Verdächtiger nicht        als Gefährder eingestuft

Als amerikanische Ermittler auf die ungewöhnliche Bestellung aufmerksam wurden, informierten sie ihre deutschen Kollegen. Nach einer längeren Phase der Beobachtung stürmten Spezialeinsatzkräfte der Polizei dann am Dienstag vergangener Woche die Wohnung des 29jährigen in einem Hochhaus. Und tatsächlich fanden sie dort große Mengen an Rizin. Der Bundesgerichtshof erließ daraufhin Haftbefehl gegen H. Drei Tage nach dem spektakulären Wohnungssturm erklärte Verfassungsschutzpräsident Hans-Georg Maaßen schließlich gegenüber der Rheinischen Post, daß es „sehr wahrscheinlich“ sei, „daß hier ein terroristischer Anschlag vereitelt werden konnte“ – es wäre nicht das erste Mal. „Das Gefahrenpotential, das von ihm ausging, war schon relativ hoch“, hatte Nordrhein-Westfalens Innenminister Herbert Reul (CDU) schon einen Tag zuvor seine Einschätzung mitgeteilt.

Dafür spricht auch, daß H. laut Spiegel-Informationen bereits zweimal versucht haben soll, zum Islamischen Staat (IS) nach Syrien auszureisen. Obwohl die Behörden dies wohl wußten, stuften sie ihn nicht als Gefährder ein. H. war zwar wegen häuslicher Gewalt aktenkundig – mehr aber auch nicht.

Aus Sicherheitskreisen verlautete, daß die von H. hergestellte Menge an Rizin wohl für 250 bis tausend Dosen gereicht hätte. Was genau der Nordafrikaner damit anstellen wollte, ist noch unklar. Fest steht jedoch: Er hätte Hunderte in den Tod schicken können. Denn der proteinische Zellentöter ist schon in kleinsten Mengen hochaggressiv und führt zu einem qualvollen Tod.

Laut dem Robert-Koch-Institut, dessen Spezialisten an den Wohnungsdurchsuchungen beteiligt waren, kann das Gift sowohl über den Mund, als auch durch Injektion oder über die Atmung in den Körper gelangen.
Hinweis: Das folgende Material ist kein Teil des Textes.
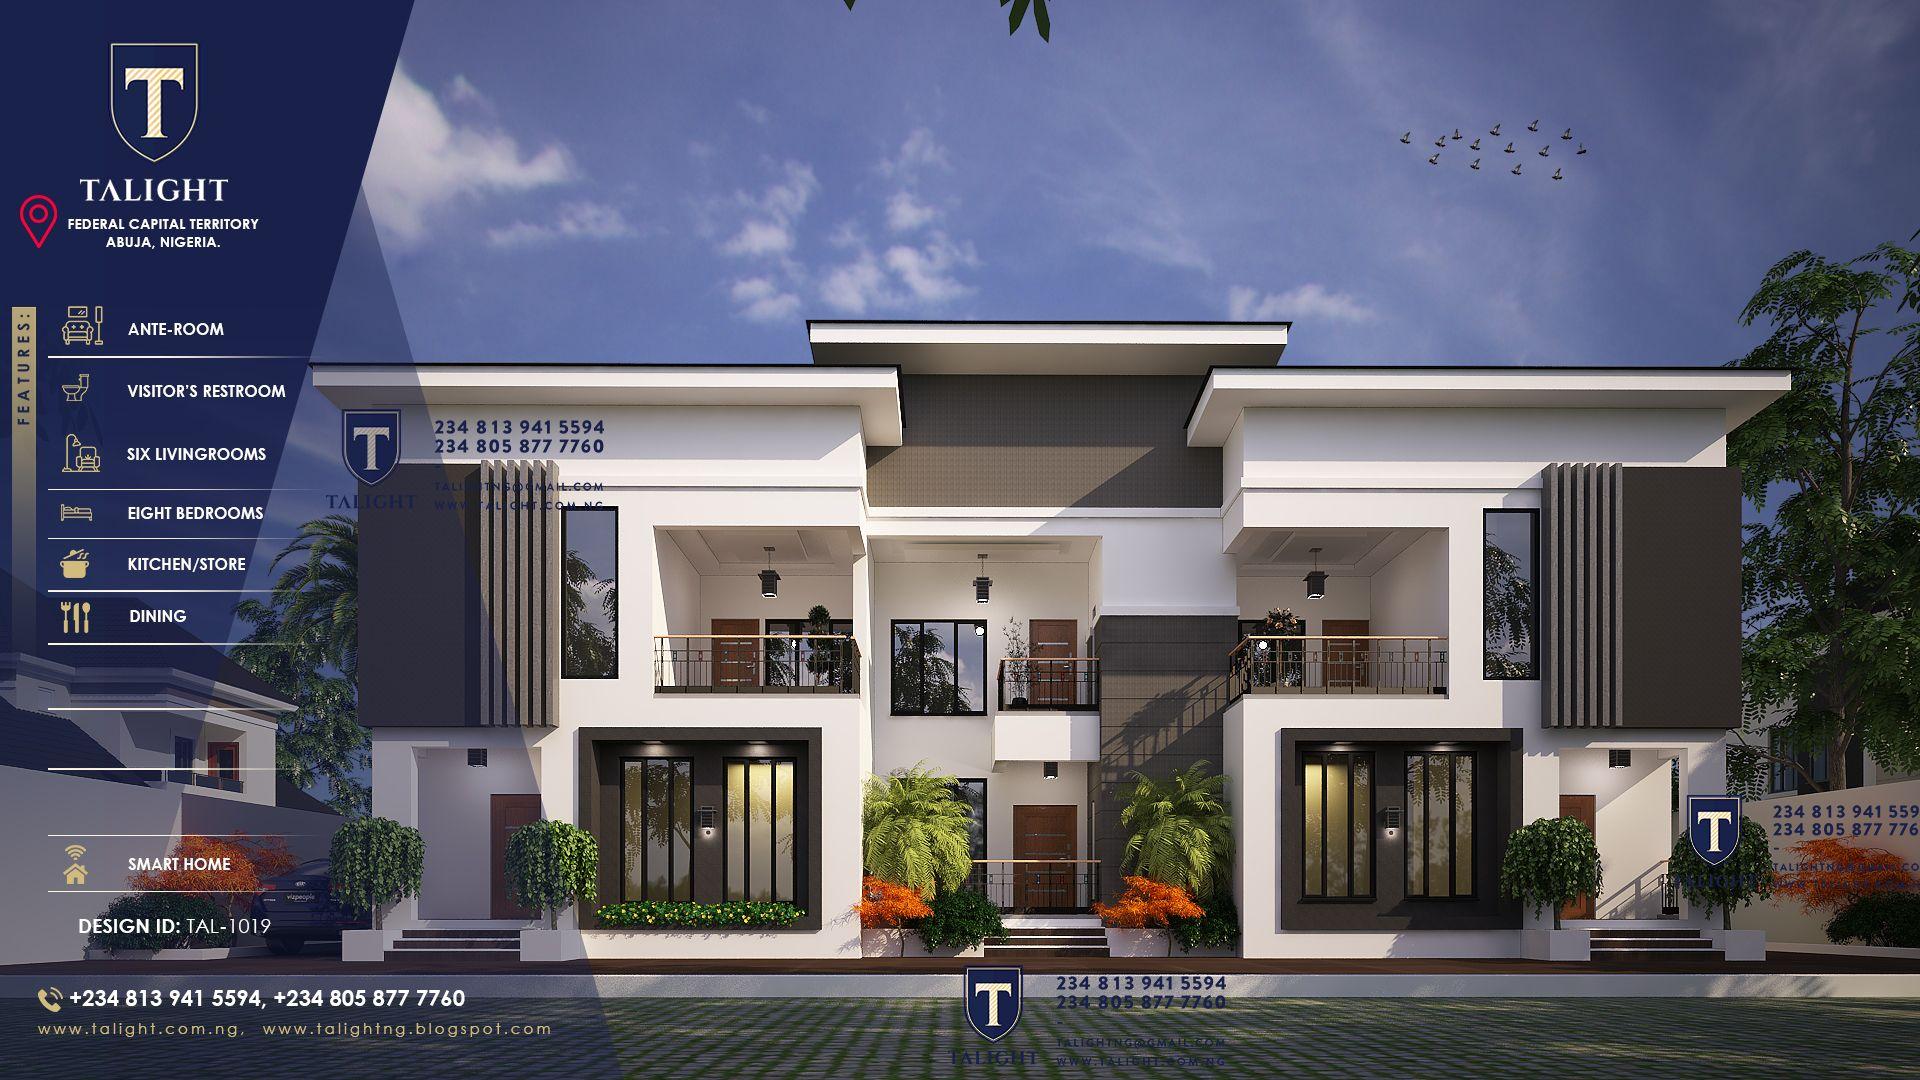 Architectural Design Of A Terrace Duplex Plan Modern Architecture Building Building House Plans Designs Architect Design House

Je nach Aufnahmeart folgen Symptome innerhalb der ersten Stunden oder weniger Tage. So tritt bei Inhalation des Giftes innerhalb von acht Stunden Husten, Atemnot und Fieber auf, bevor es nach spätestens 24 Stunden schließlich zum Lungen- und Kreislaufversagen kommt. Daß die ersten Symptome sehr allgemein sind, macht das Gift dabei besonders gefährlich, weil Ärzte so nur schwer hinter die Ursache kommen können. Zudem hat die Forschung bis heute kein Gegengift entwickeln können.

Wie H. sein Gift an potentielle Opfer bringen wollte, ist noch unklar. Neben dem Toxin wurden in der Wohnung des Tunesiers auch Muttern und Angelhaken gefunden – möglicherweise Bestandteile einer entsprechenden Bombe. Doch Experten wie der Toxikologe Ralf Stahlmann von der Berliner Charité bezweifeln, daß ein Sprengsatz im Falle der Anwendung überhaupt die gewünschte Wirkung erzielt hätte. „Ich würde vermuten, daß das Rizin durch die Hitzeentwicklung bei einer Explosion zerstört würde“, sagte er  dem Sender n-tv.de.

Wie genau der Plan H.s am Ende auch aussah: Sein Fall zeigt, daß sich islamistische Terroristen in ihrer Methodik stetig weiterentwickeln – und es nicht etwa bei Messerangriffen, Selbstmordanschlägen oder LKW-Attentaten belassen. Immer häufiger treten Fälle auf, bei denen die Beschuldigten die für ihren Anschlag nötigen Mittel einfach und ganz legal im Internet bestellen. Daß H. mit seiner Idee, im terroristischen Kampf auf biologische Vernichtungswaffen zu setzen, am Ende ein Einzelfall bleibt: eher unwahrscheinlich. Laut Medienberichten gewann er das Rizin mit Hilfe einer Anleitung des IS. Und erst vor wenigen Wochen hatten französische Sicherheitskräfte zwei Brüder ägyptischer Abstammung festgenommen, die möglicherweise ebenfalls einen Rizin-Angriff geplant hatten.

Einen erfolgreichen islamistischen Anschlag dieser Art gab es bisher jedoch nicht. Nur im Kalten Krieg brachte es der Stoff schon einmal zu weltweiter Berühmtheit. 1978 war dem oppositionellen bulgarischen Exil-Schriftsteller Georgi Markow ein mit Rizin präparierter Regenschirm in die Wade gerammt worden. Er starb vier Tage später an Herzversagen. Ein Einzelfall. Es dürfte sich – so steht zu befürchten – bei dem nun verhinderten nicht um den letzten  Versuch gehandelt haben, Rizin auch als terroristische Massenvernichtungswaffe einzusetzen.